I had been so busy congratulating myself on identifying the ergot that I’d lost sight of why it was important. Now my mind began to race, putting the picture together. Very soon I had the answer.

‘Someone poisoned him,’ I said. I thought of his wounds, the stab in the neck and the garrotte. Now we knew that he’d been made to consume a poisoned soup as well. ‘Maybe his assailant gave him the gruel to make him unconscious, so that they could kill him at their leisure,’ I suggested. ‘If he did not suspect what was about to happen, then it would have been easier for the killer to invite him to share his gruel than to leap on him and stab him in the throat, or wind that garrotte round his neck.’

‘Quite so,’ Gurdyman agreed. ‘In any case, we know the poisoned food came first, because a man cannot eat once he is dead.’

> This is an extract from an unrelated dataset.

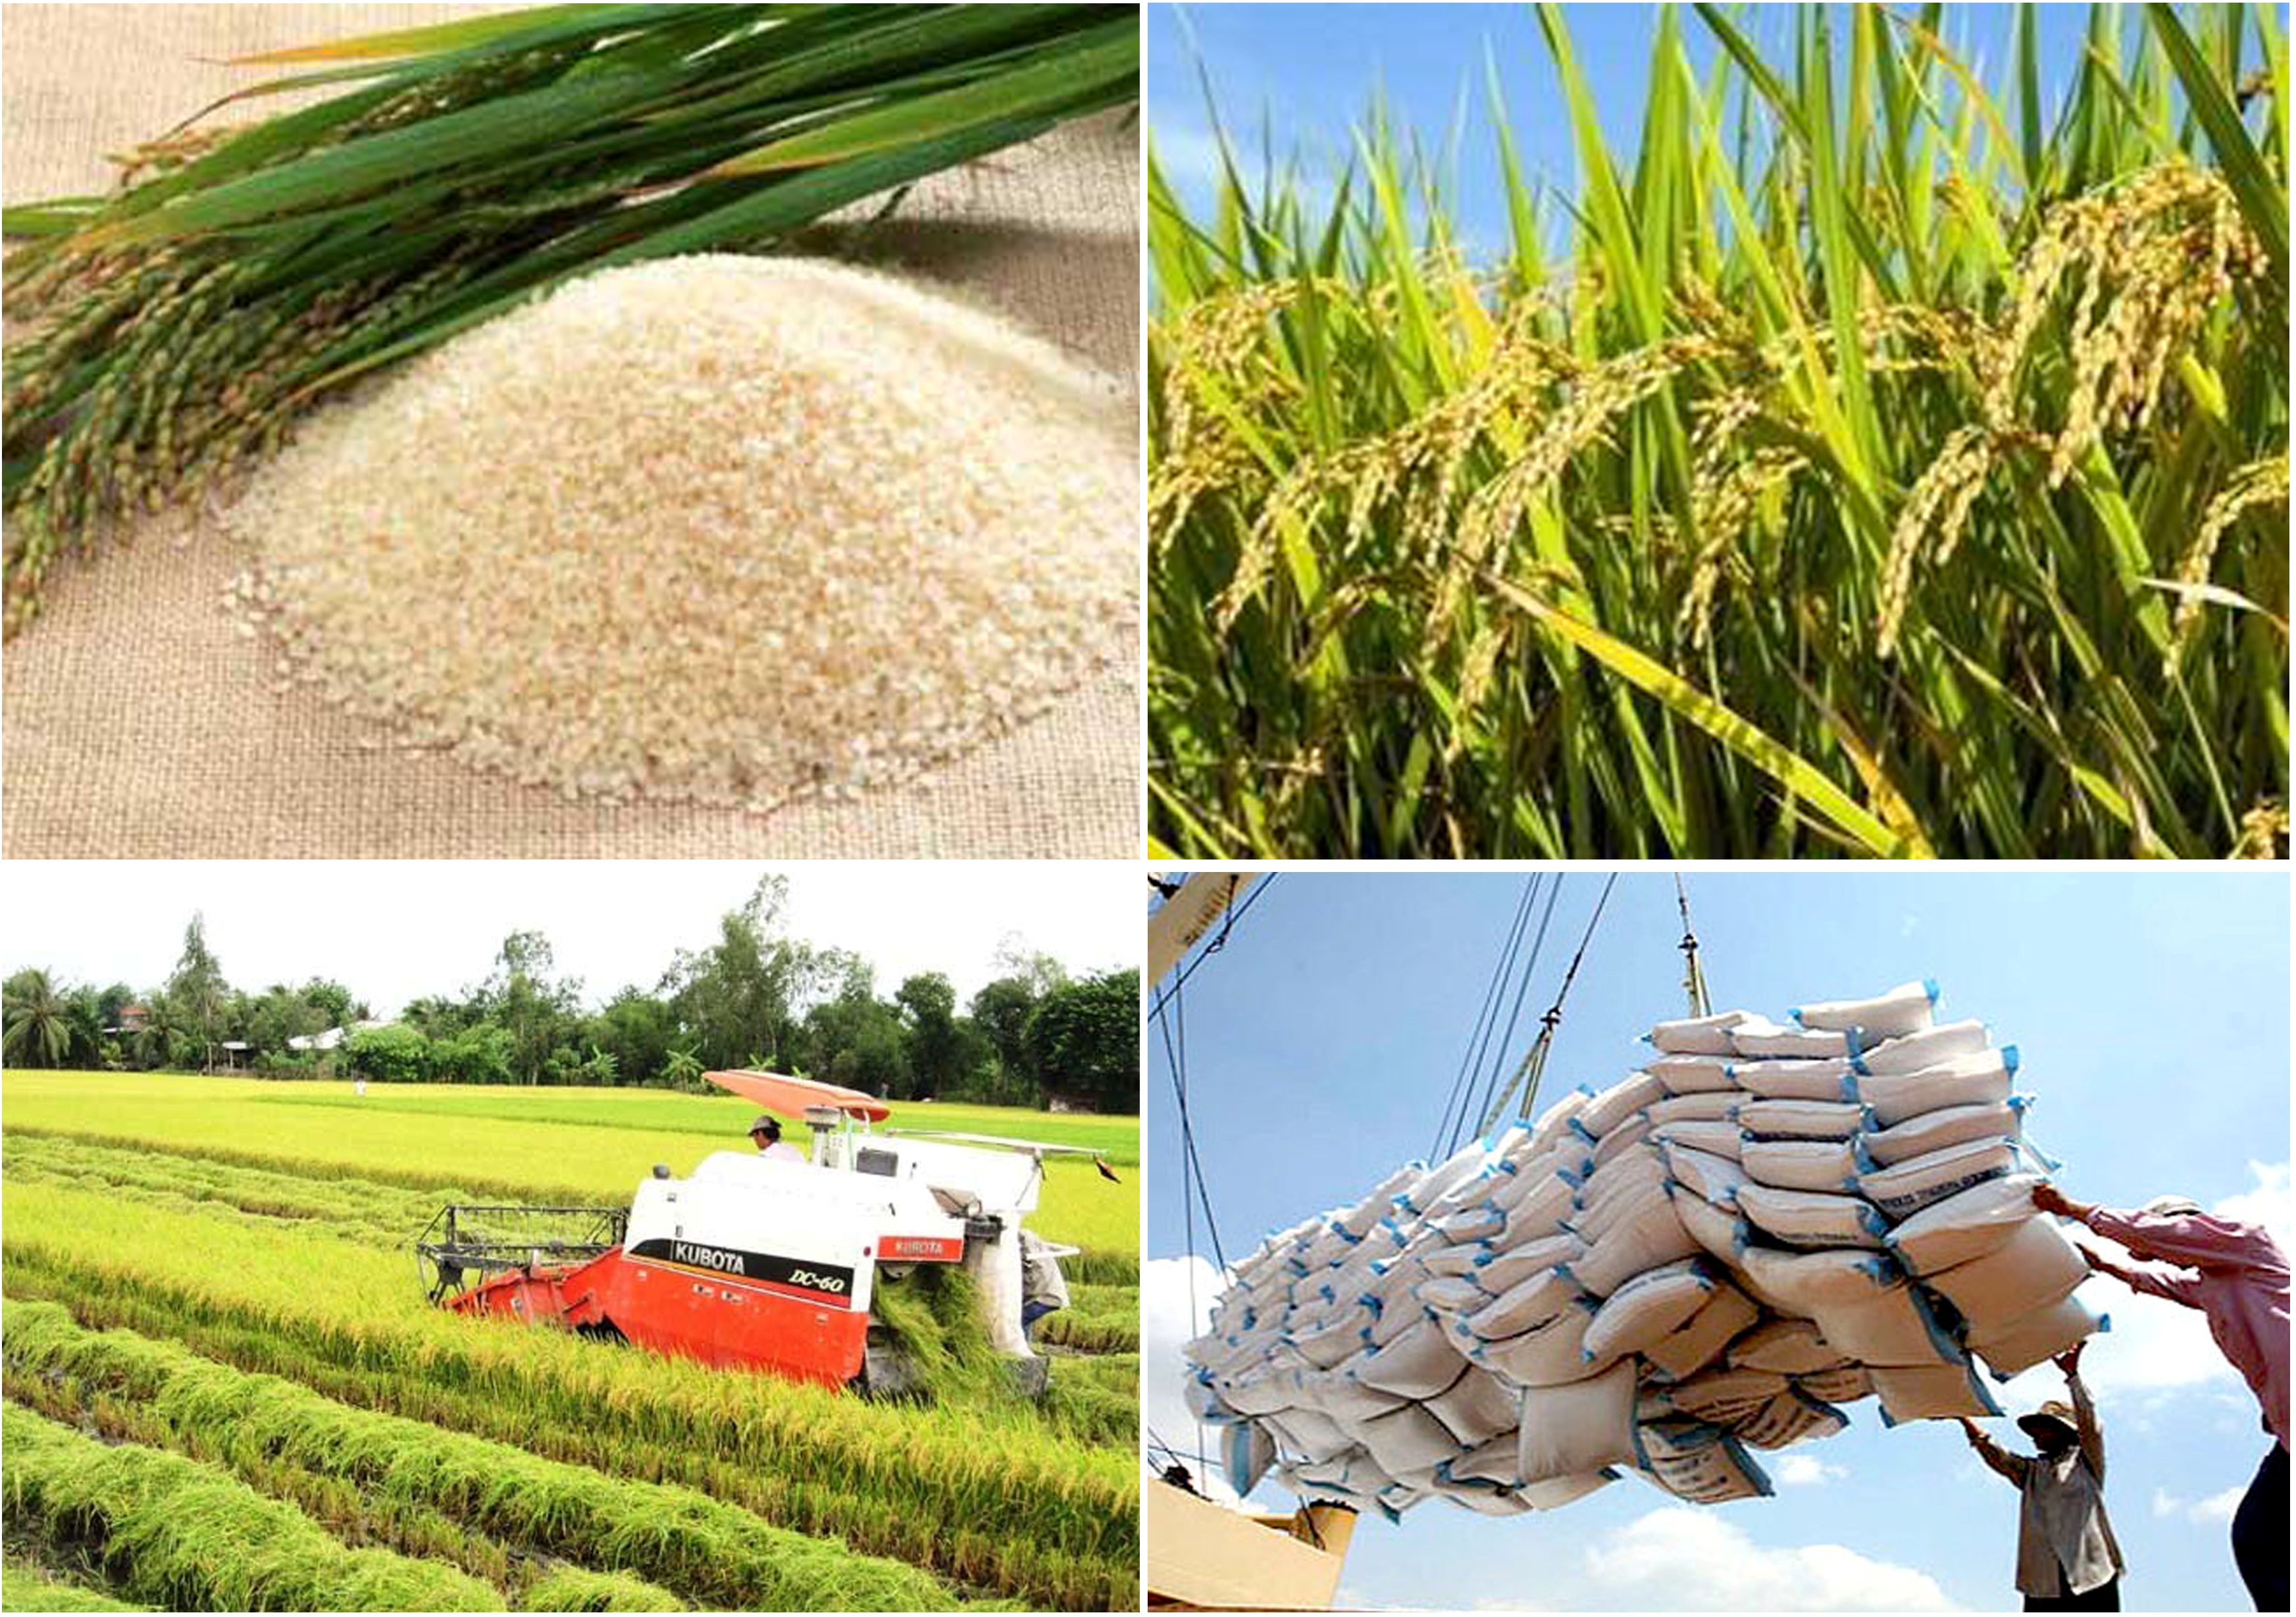 Xuất khẩu gạo là một ngành kinh doanh quan trọng của Việt Nam. Nếu bạn muốn thấy những hình ảnh đặc trưng của ngành này, hãy xem ảnh trong bộ sưu tập của chúng tôi.

I felt myself flush. Why hadn’t I thought of that? Gurdyman must have seen my embarrassment. He reached out and lightly touched my hand. ‘Do not be hard on yourself,’ he murmured. ‘You think creatively, which is the first essential in work such as this.’

His remark comforted me. I watched him as, already immersed once more in the mysterious body, he bent down over it.

The silence extended for what felt like a very long time. I stood there beside Gurdyman, trying not to shuffle my feet; Edild complains if I fidget while she’s trying to concentrate. When at long last he came back to himself — I knew from his face and his demeanour that he had been far away — I knew I had succeeded, because he gave a sort of a start and said, ‘Lassair! I’d forgotten all about you, child.’

There was a new light in his eyes, and it seemed as if brightness was welling up out of him. Wherever he had been, whatever spirits he had been in communication with, his mind voyage had achieved the desired end. He grasped my hand and drew me back to the body.

He looked at the wound he had made in the belly, then glanced at the stomach, separate now from its shelter within the body. ‘We must put him together and sew him up,’ Gurdyman murmured. ‘Can you do that, Lassair?’

‘I-’ If you did not try new things you did not learn. Besides, I had stitched the living, and surely it must be far easier to stitch the dead. ‘Yes,’ I said decisively. ‘Er — if you will make sure I place the stomach correctly?’

‘I will indeed,’ he said with a smile. ‘Then we must see about getting him buried,’ he added, his face falling into sombre lines.